= Ebenezer Burgess =

Clergy from Dedham, Massachusetts

Ebenezer Burgess (April 1, 1790 – December 5, 1870) was the minister of the Allin Congregational Church in Dedham, Massachusetts.

==Personal life==
Burgess was born on April 1, 1790, in Wareham, Massachusetts. He was graduated from Brown University in 1809, and at the Andover Theological Seminary in 1814. In 1835, he received a doctorate in divinity from Middlebury College.

On May 22, 1823, Burgess was married to Abigail Bromfield Phillips, the daughter of Lt. Governor William Phillips Jr. He and his family lived in the Broad Oak estate. (Note: Morse locates it as being "two miles west of the Court House." As of 2019, Burgess Lane is located 2.5 miles west of the Norfolk Superior Court. Broad Oak Farm, which was part of the original Broad Oak estate, is located one block away on Hale Drive.) Burgess tore down the Richards home and built a new mansion on the lot in 1839. Burgess operated it as an "extensive cattle farm."

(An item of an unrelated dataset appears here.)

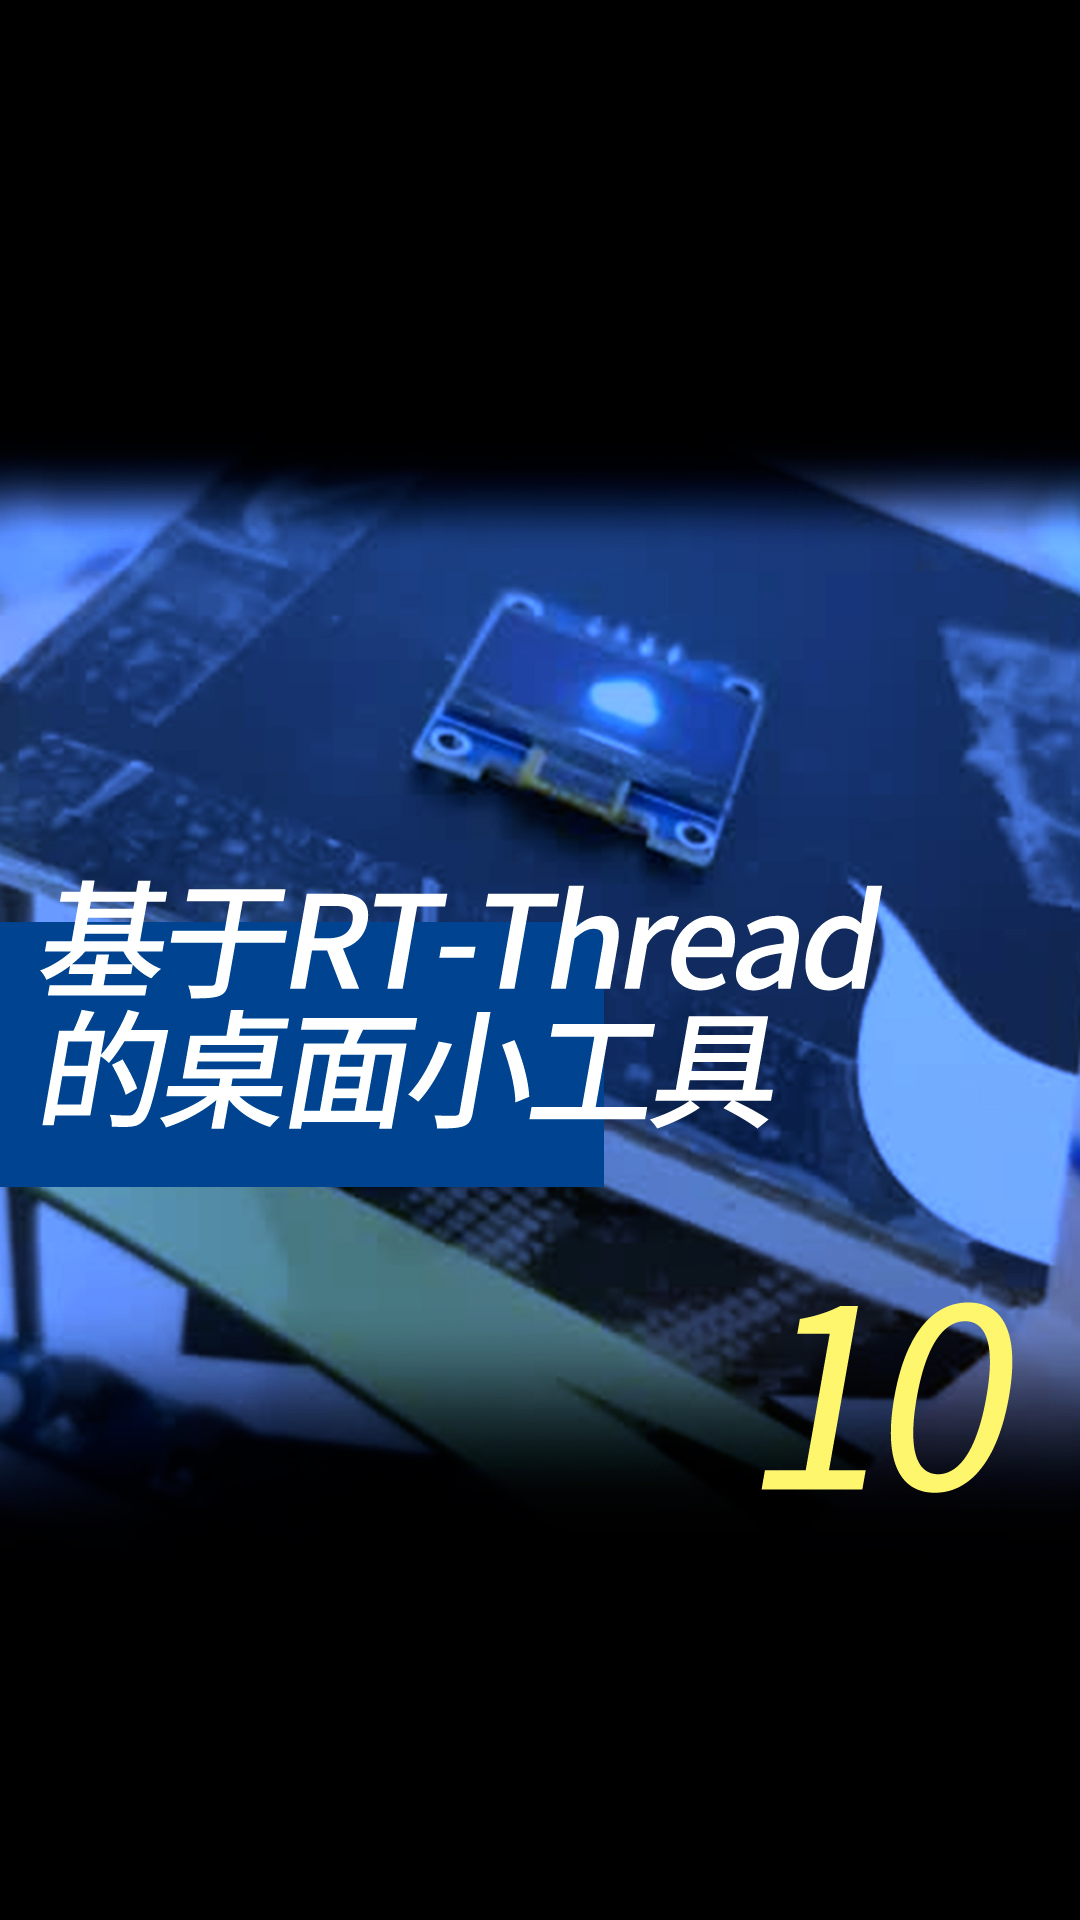 基于RT-Thread的桌面小工具 - 10-3-5获取知心天气信息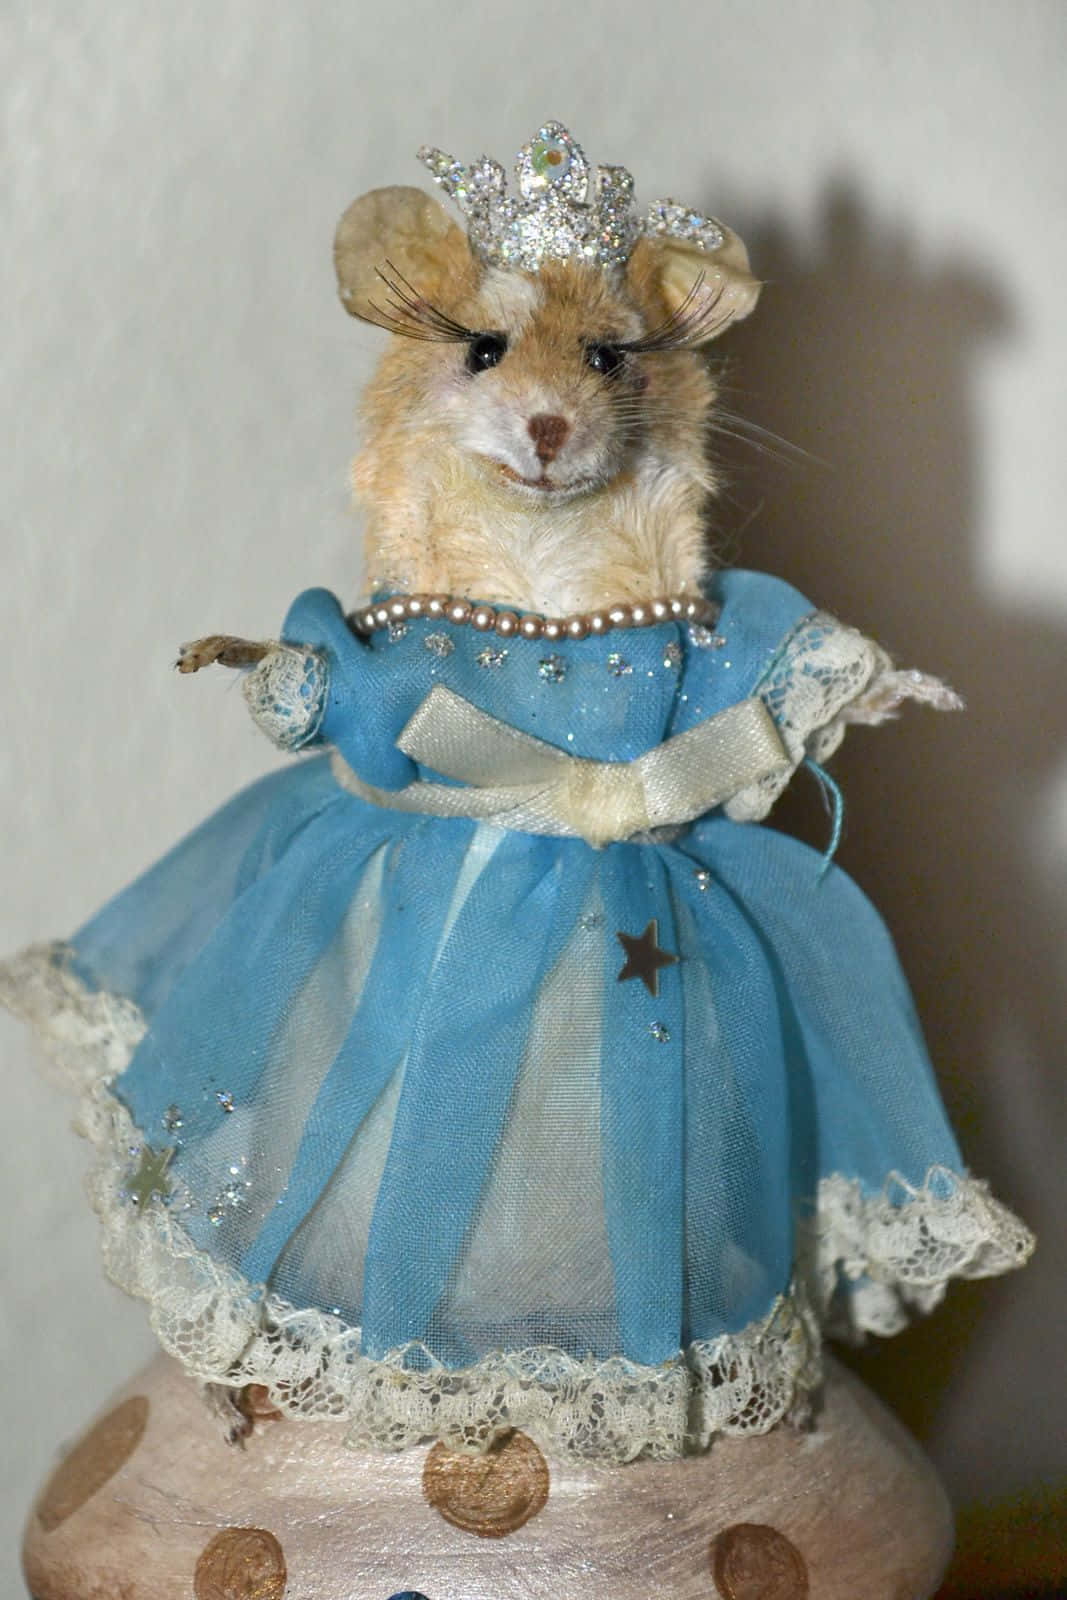 Lustigesbild Von Einer Ratte In Einem Blauen Kleid

Besides three who died in childhood, they had four children: Miriam Mason, Ebenezer Prince, Edward Phillips, and Martha Crowell. Burgess became the possessor of considerable wealth and was known for his benevolence. He was an ancestor of John K. Burgess and, through Abigail, the uncle of Samuel H. Walley.

He was elected a resident member of the New England Historic Genealogical Society in 1862. He died December 5, 1870, in Dedham and is buried in the Old Village Cemetery. His gravestone is notable for the level of detail it includes about his life.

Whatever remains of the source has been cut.